Такое объяснение было, безусловно, крайне упрощенным, даже вульгарным. Но тогда я удовлетворился им, тем более что, находясь в подполье рядом с Дудашем и его друзьями, чувствовал, что мне понятна их антипатия к людям, над которыми не нависала угроза ареста гестаповцами и которые теперь, вернувшись из «безопасного далека», рвались к власти.
Разве мог я знать тогда, что многие венгерские политические эмигранты шли из этого «безопасного далека» через поля сражений от Москвы до Будапешта и даже до самого Берлина?
В течение нескольких недель я добросовестно трудился в резиденции «Партии венгерской свободы». За это время я часто встречался с Дудашем здесь и на металлическом заводе, который удалось быстро восстановить и пустить в ход благодаря его энергии организатора и бесспорным инженерным способностям.
Кто мог предположить тогда, что позже этот человек станет ренегатом и убийцей?
Мы часто и подолгу спорили, и я все меньше понимал, к чему он стремится, что и зачем делает. Это раздражало меня, не давало покоя. Однажды Дудаш предложил мне формально порвать с «Партией венгерской свободы» и вступить в Венгерскую коммунистическую партию.
— Изнутри можно сделать больше, чем извне, — весьма прозрачно пояснил он. Это стало последней каплей, которая переполнила чашу моего терпения.
— Видишь ли, я никак не ожидал такого предложения, и тем более от тебя, — сказал я.
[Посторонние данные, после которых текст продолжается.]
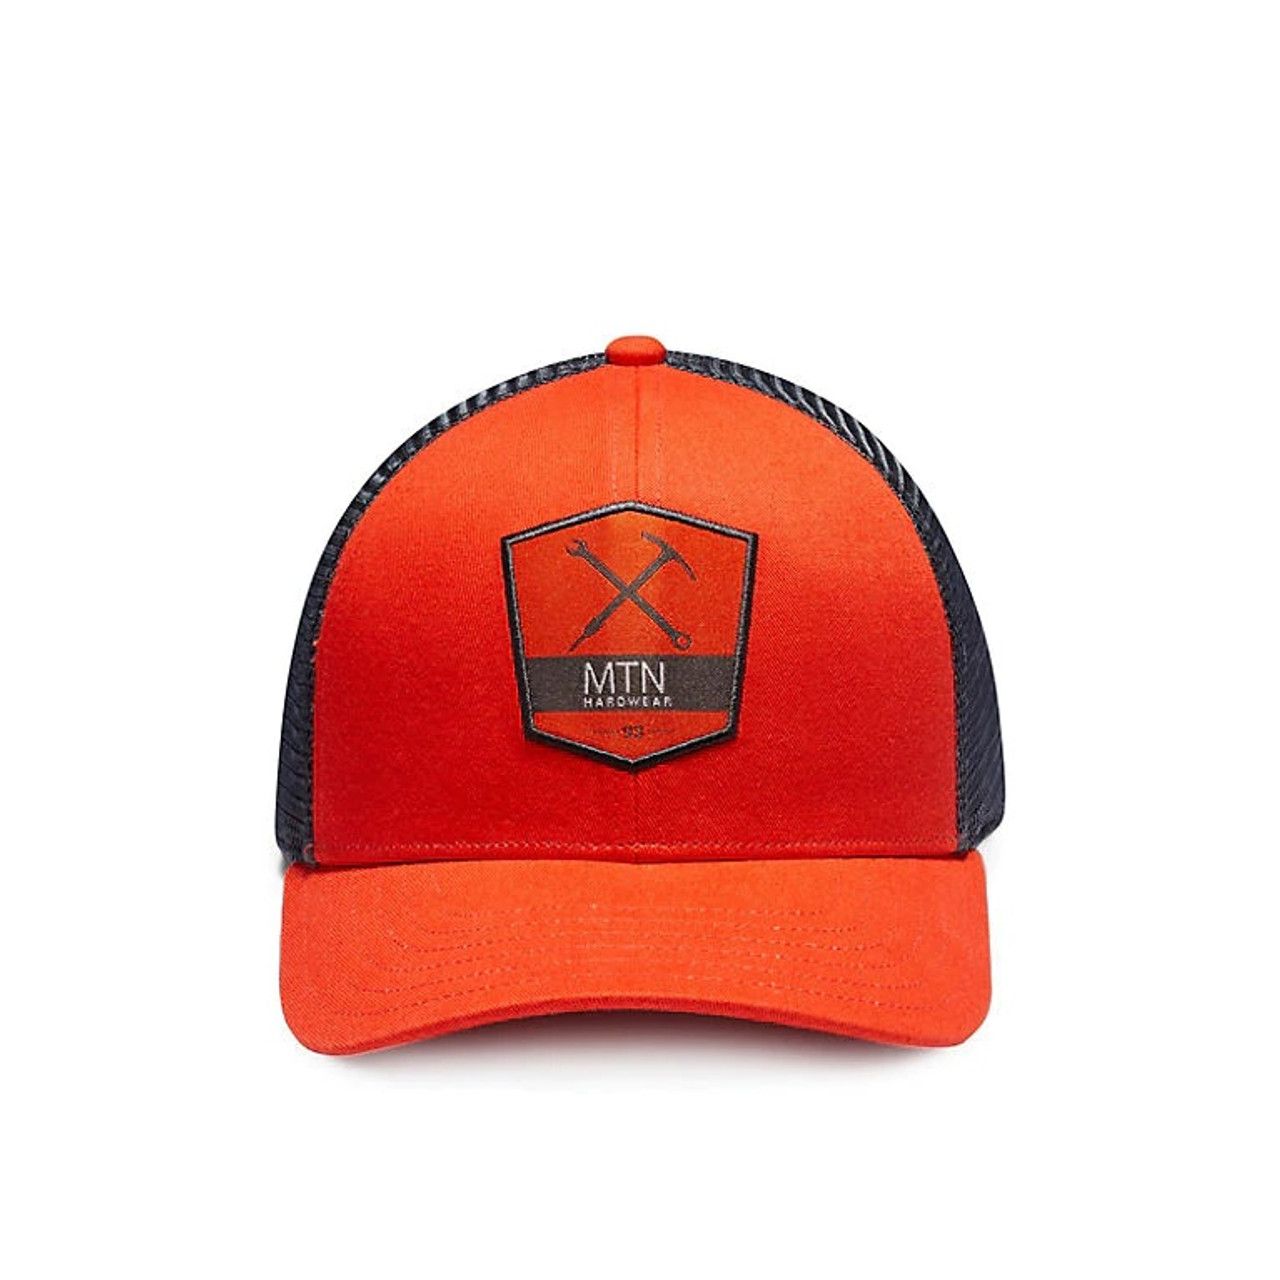 Mountain Hardwear Grail Trucker Hat State Orange Snapback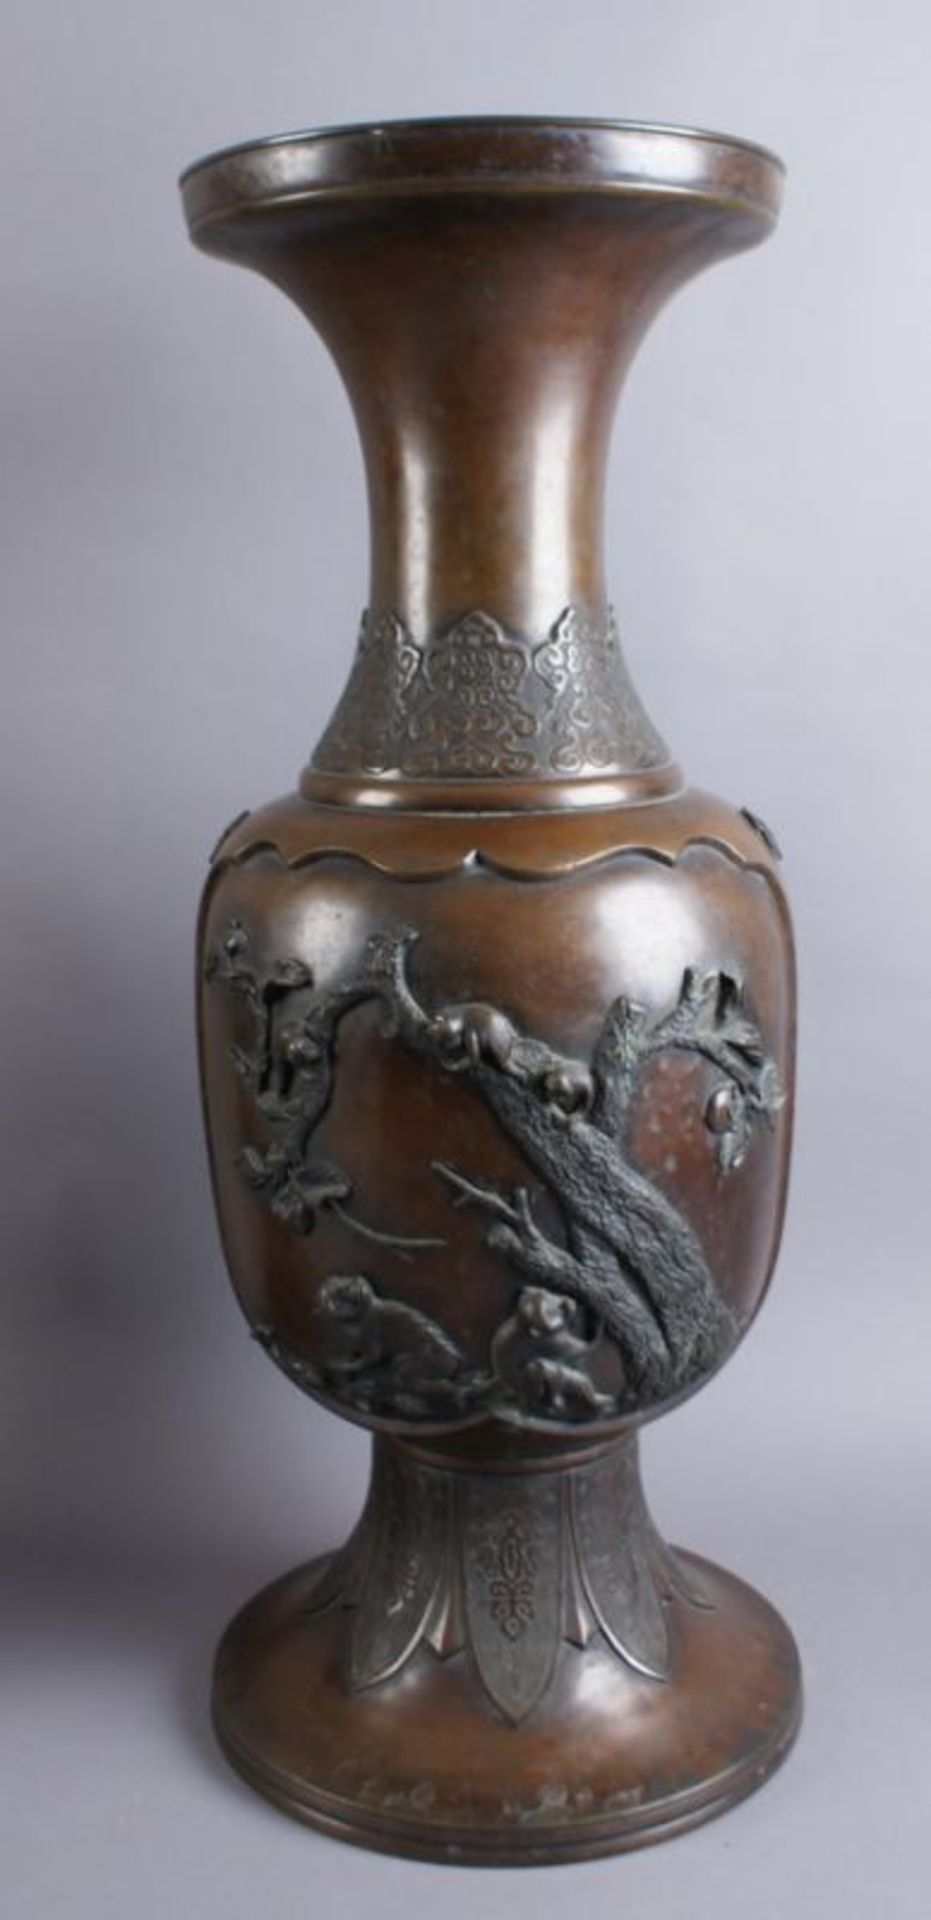 PAAR BRONZE VASEN Japan, 19. JH, zwei grosse Vasen mit Reliefdekor, Darstellung von spielenden Affen - Bild 2 aus 11

После этого разговора я чувствовал себя на проспекте Андраши крайне неуютно. Надо было уходить из этой организации. И, как много раз в жизни, мне опять помог случай. На этот раз в лице бывшего президента национального фронта бойскаутов Белы Паппа.
Встретив меня однажды на улице, он бросился обниматься:
— Миклош, дорогой, я так рад тебя видеть! Как ты живешь, где работаешь?
Я коротко рассказал ему о своих делах, поделился сомнениями.
— Вот и отлично! Значит, мы встретились в счастливую минуту! — воскликнул он. — Ты должен пойти со мной сейчас же, не откладывая.
— Куда, дядюшка Бела?
— К Балинту Араню, на улицу Шеммельвейс, где располагается правление независимой партии мелких сельских хозяев.
Балинта Араня я знал давно и очень уважал. Меня познакомил с ним мой земляк Ласло Лаки. Поднимаясь по мраморной лестнице роскошного особняка, в котором прежде помещалось офицерское казино для привилегированной хортистской знати, я, как говорится, и в мыслях не имел, что ему суждено вскоре стать моим вторым домом в полном смысле этого слова.
Огромный кабинет с изысканной обстановкой — наследие недавнего прошлого — выглядел необычайно помпезно, но Балинт Арань остался таким же простым и скромным человеком, каким был всегда. Он тепло принял меня.